# «Consortium for Educational Research and Evaluation– North Carolina Comparing Value-Added Models for Estimating Individual Teacher Effects on a Statewide ...»

For the consistency analysis, which required two sequential within-year estimates for each grade level, there were limitations to the amount of information available for the models that required multi-year panels to estimate (the SFE, SFEIV, TFEIV, and DOLS). For the SFE, SFEIV, and TFEIV, two sequences of three years’ data were required for each model. However, among all time-varying covariates, only test score data were available prior to 2007–08 (giving us only three years of complete data), and therefore no time-varying covariates could be included in these models (differencing eliminates the time invariant covariates). For the DOLS, the panel was estimated with two years only, allowing for the inclusion of time-varying covariates. There were 503,370 student records in 5th grade math (8,826 teachers) and 728,008 student records in 5th grade reading (9,402 teachers).

**Comparison Criteria**

Three criteria were used to compare the absolute performance of each VAM on estimating the true teacher effects in the simulated data. Two of these and a different third criterion were used to assess relative performance of the models using actual NC data. First, Spearman rank order correlation coefficients, a non-parametric measure capturing the association between the rankings of two variables, was estimated for each pairing of a VAM with the true effect (simulation only) and with each other VAM (simulation and actual). For the simulated data, the estimates in each simulation needed to be combined into a single point estimate, which required a Fisher z transformation; the mean of this z-transformed correlation was calculated, and then back-transformed using the hyperbolic tangent function. High-performing VAMs have relatively higher Spearman coefficients.

Consortium for Educational Research and Evaluation–North Carolina 22 Comparing Value-Added Models August 2012 Second, we calculated the percent agreement on the lowest 5% of the teacher quality distribution.

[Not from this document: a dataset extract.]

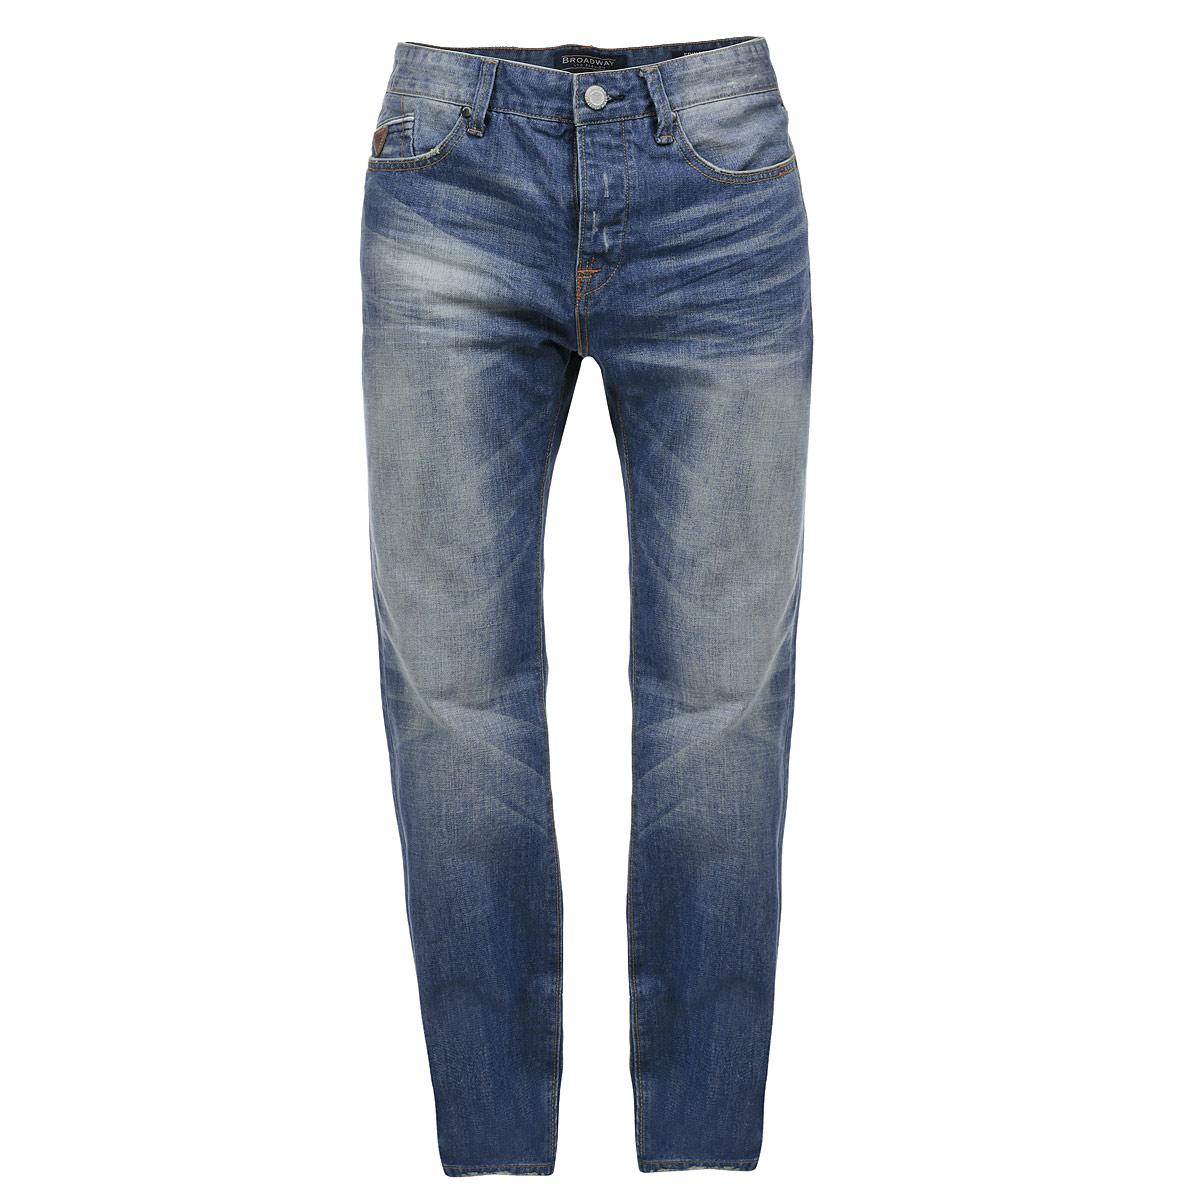 Джинсы мужские Broadway, цвет: синий. 10152573L32. Размер 29-32 (44-32)10152573 L32Стильные мужские джинсы Broadway - джинсы высочайшего качества, которые прекрасно сидят. Модель прямого кроя и средней посадки изготовлена из высококачественного материала, не сковывает движения и дарит комфорт. Застегиваются джинсы на пуговицу в поясе и ширинку на металлических пуговицах, имеются шлевки для ремня. Спереди модель дополнена двумя втачными карманами и одним секретным кармашком, а сзади - двумя накладными карманами. Джинсы оформлены тертым эффектом и перманентными складками. Эти модные и в тоже время удобные джинсы помогут вам создать оригинальный современный образ. В них вы всегда будете чувствовать себя уверенно и комфортно.

The teachers in the bottom 5% of the distribution under each version of the teacher effect (the “true” effect in the simulation or from each VAM in both the simulated and actual) were identified. In the simulated data analysis, teachers' true and estimated scores agreed if they both ranked the teacher above the fifth percentile or they both ranked the teacher below the fifth percentile. The statistic was the proportion of all teachers with agreement. In the actual data, teachers’ scores on any two methods agreed if the scores were both observed and were both above the fifth percentile or below. High-performing VAMs have relatively higher levels of agreement. Due to the normal distributions used in the data generation processes for the simulations, the findings for teachers in the 95th percentile were nearly identical. We chose this approach to correspond with a likely policy use of VAMs: to identify the lowest performing teachers.

Third, we examined the false identification of ineffective teachers in the simulated data only. For this analysis, special focus was placed on identifying a teacher who is actually relatively effective as ineffective based on their VAM score, due to the significant consequences that teachers and states may face under high stakes evaluation systems. We assumed a cutoff of -1.64 standard deviations from the mean teacher score, which is consistent with a finding of 5% of teachers being ineffective. First, we identified those teachers above the cutoff for ineffectiveness on the “true” measure. Then we identified those teachers who were below the cutoff on the estimated teacher effect. The teachers who satisfied both conditions were considered false positives or falsely identified as ineffective. This approach is a combination of the false positive/false negative methods used by Schochet and Chiang (2010). High-performing VAMs have relatively low proportions of false positives. Due to the normal distributions of the simulated data, we can assume that findings about falsely identifying a teacher as highly effective when he or she is not would be very similar. We also calculated the mean true score for teachers falsely identified as ineffective, and the number of teachers in North Carolina who would be affected by these findings. Actual data estimates for this comparison were not possible.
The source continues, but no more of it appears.